Zaten devletin güçlü olması; istikrarın bozulmamasına, içeride barışın tesis edilmesine, teknoloji ve ticaretin hüküm sürdüğü bir dünyada sorunların sonlandırılarak rekabet edilmesine bağlı olduğu âşikardır.

Öte yandan devletin yeniden büyümesi, geçmişteki mirasın devamının sağlanması dış politikada alınan kararların, sınır dışında yapılan operasyonların ve terör nedeniyle geliştirilen politikaların desteklenmesine, bilhassa ulusal meselelerde (şartlı bile olunsa) devleti yönetenlerin arkasında durulmasına bağlı olduğu gözardı edilmemelidir.

Ülke olarak kalkınmada, sağlık ve ulaşım gibi alanlarda kısa zaman içinde Avrupa devletlerinin çok daha ilerisinde bir gelişme kaydedildi. Silah sanayii ve savunma alanlarında baş döndürücü ilerlemeler sağlandı. Aynı başarı, hayatın tüm alanlarında da yakalanabilir. Yeter ki el ele verilsin, birlik ve beraberlik ortamı oluşturulsun.
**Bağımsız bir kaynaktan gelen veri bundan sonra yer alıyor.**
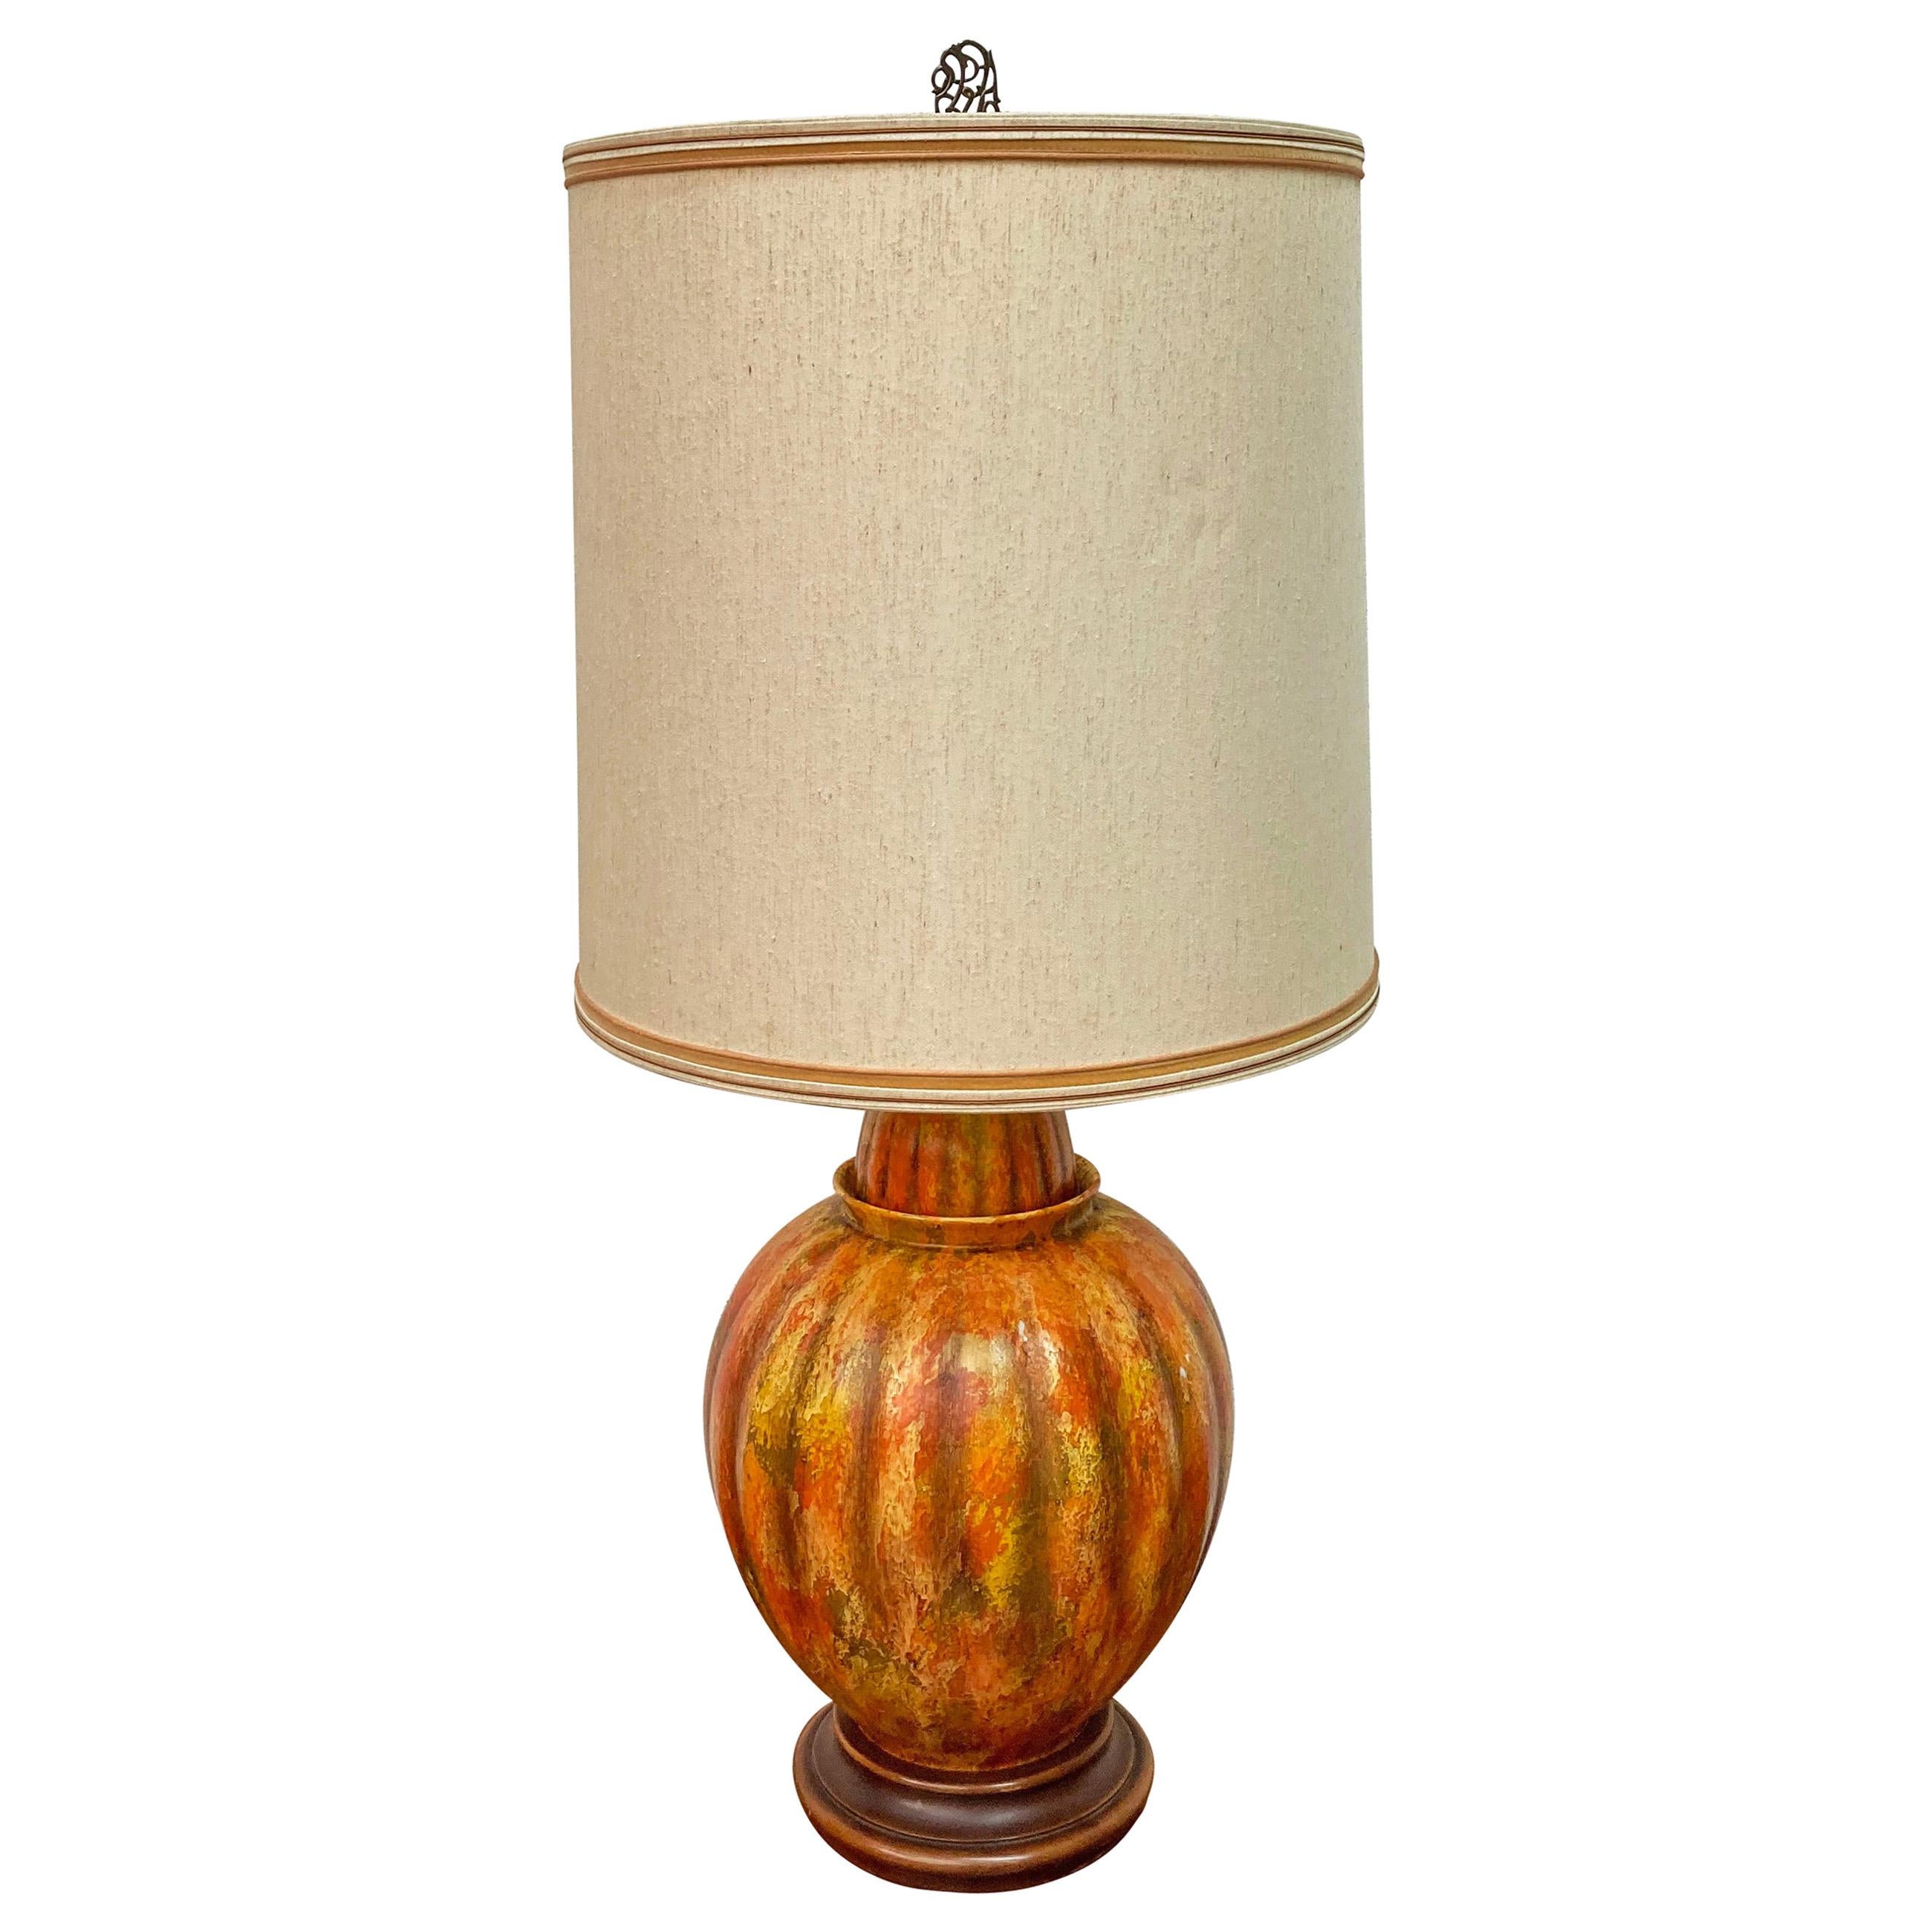 1950s Lamp Mid Century Brown Orange Leaf Retro Vintage Textured Table Lamp

İktisadi, ticari ve bilimsel yönlerden, ayrıca insani, vicdani ve ahlaki yönlerden dünyanın en ileri ve en güçlü devleti haline gelmemiz, yeniden model olmamız yine mümkündür.
Ancak bütün bunların olabilmesi için toplumsal barışın ve devlet-millet bütünleşmesinin sağlanması, heyecan içerisinde milli mücadele ruhuyla, seferlik anlayışıyla kalkınmayı, ilerlemeyi ve yükselmeyi istemekle, gayret göstermekle mümkün olabilir.